1. Field of the Invention
The present invention relates to an antistatic film installed in an airtight vessel containing an electron source of an electron-generating device such as a picture display unit, to a spacer using such film, and to the picture display unit.
2. Related Background Art
A flat display unit using an electron-emitting device has, as shown in Japanese Patent Application Laid-Open No. H10-284286, a spacer, also called a rib, installed therein, which serves as a structural support resistant to ambient pressure for keeping the inside of the unit at a high vacuum.
FIG. 7 is a cross-sectional schematic view of an image-forming apparatus using many electron-emitting devices. Reference numeral 101 denotes a rear plate, reference numeral 102 a sidewall and reference numeral 103 a faceplate, and an airtight vessel is formed by the rear plate 101, the side wall 102 and the face plate 103. A spacer 107b that is a structural support resistant to ambient pressure in the airtight vessel has a low-resistivity film 110 thereon, and is connected to wiring 109 through an electroconductive frit 108.
An electron-emitting device 104 is formed on a rear plate 101, and a phosphor 105 and a metal back 106 are formed on a face plate. The objects of providing a metal back 106 include: to improve a utilization factor of light by minor-reflecting a light emitted from a phosphor 105; to protect the phosphor 105 from the collision of negative ions; to work as an electrode for applying an electron beam-accelerating voltage; and to work as a conducting path for electrons after having excited the phosphor 105.
A spacer 107a shows the electrostatically charged state of the spacer, and shows a state in which electrostatic charge (positive electrostatic charge in the drawing) is caused by collision of a portion of the electrons emitted from an electron source around it. Here, the spacer 107a shows the electrostatically charged state of the spacer when having no antistatic film 112 installed thereon, and thus, the thickness of a low-resistivity film is drawn more thickly than the low-resistivity film 110 contacting the antistatic film 112 of the spacer 107b, for convenience in illustration.
When a spacer 107a is positively charged with electricity as described above, electrons emitted from an electron-emitting device 104 being used an electron source are drawn toward the spacer, for example, like an electron trajectory 111a, and consequently impair the quality of a displayed image.

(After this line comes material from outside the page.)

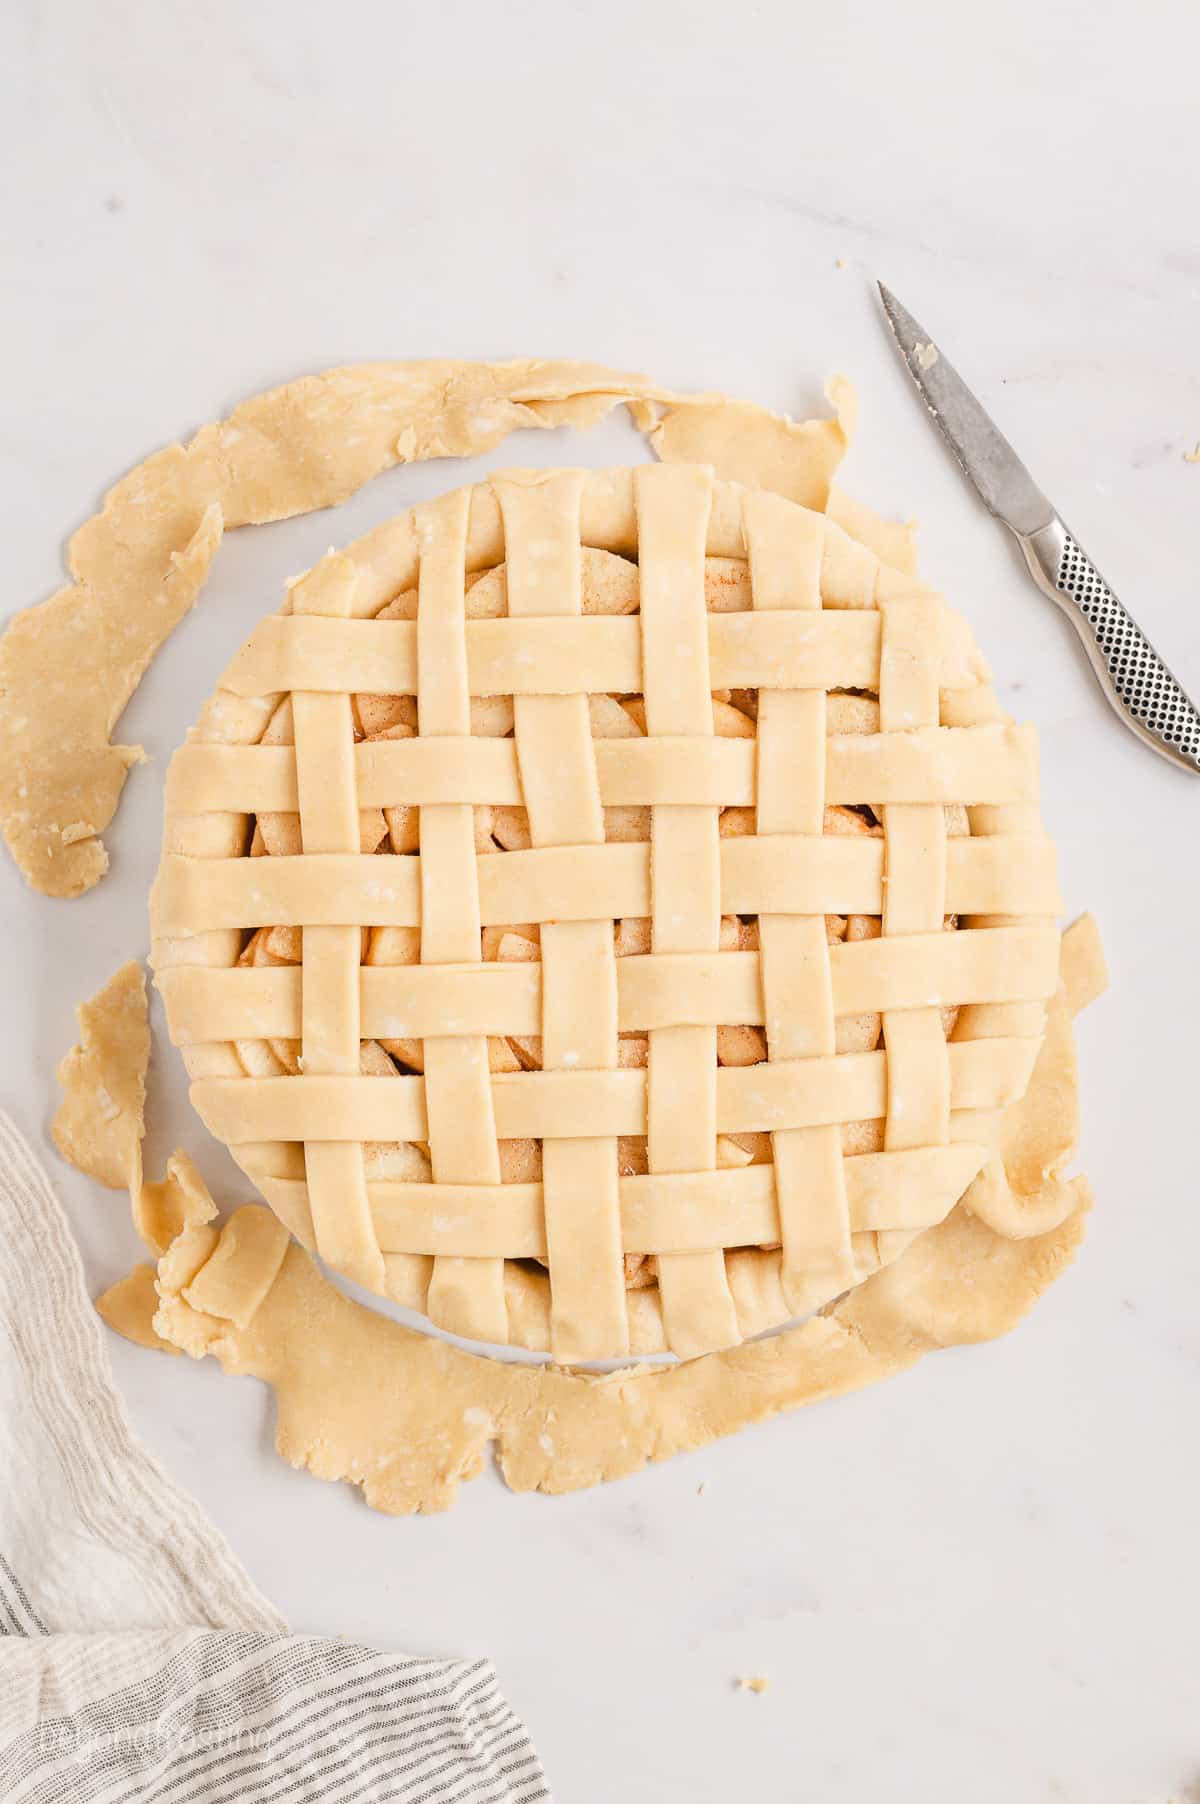 Trimmed lattice strips woven over a filled pie crust.

In order to solve this problem, there is a proposition of arranging an antistatic film 112 on a spacer 107b, eliminating the charge by passing a micro-electrical current through the surface, and thereby making electrons follow a predetermined trajectory such as an electron trajectory 111b, without being drawn to the spacer. There is also a proposition, as shown in Japanese Patent Application Laid-Open No. 2001-143620, of providing unevenness on the surface of a spacer glass substrate to reduce the effective secondary emission coefficient below that observed with a flat spacer surface, and effectively to inhibit the electrostatic charge of the spacer surface.
Furthermore, Japanese Patent Application Laid-Open No. H10-284283 proposes a spacer coated with an electrostatic charge-mitigating film containing aluminum nitride or aluminum oxide, and noble metals such as gold, palladium and platinum, by binary simultaneous sputtering with the use of an aluminum target and a noble metal target, and of a mixed gas of argon and nitrogen or oxygen as a gas for forming a film.
However, it has become clear that the spacers shown in the above described conventional examples cause variation in the performance of the function for eliminating electrostatic charge.
In particular, when a temperature distribution is formed in the spacer, the distribution of resistivity is also formed due to the temperature characteristic of the resistivity of the antistatic film. The variation of resistivity leads to variation in the diselectrification function.
Specifically, in a flat display panel, the instability of a display image results from temperature distribution in a panel plane, which is caused by a temperature difference between a face plate and a rear plate.
In addition, a conventional method of forming an antistatic film containing a plurality of elements by sputtering simultaneously a plurality of different material targets (for example, binary sputtering with the use of two materials) might cause variation in the resistivity of an antistatic film depending on each film-forming batch even when film-forming conditions (background, sputtering pressure, gas flow rate and target electrification power) are uniformized.
In order to uniformize resistivity, the target electrification power supplied to different material targets must be adjusted for each, which is complicated, and the operation is not always highly reproducible. In particular, in binary sputtering, when there is a large difference in target electrification power from one target to another, so-called cross contamination can not be avoided, which is a phenomenon in which a more powerfully electrified target material deposits on the surface of a less powerfully electrified target material.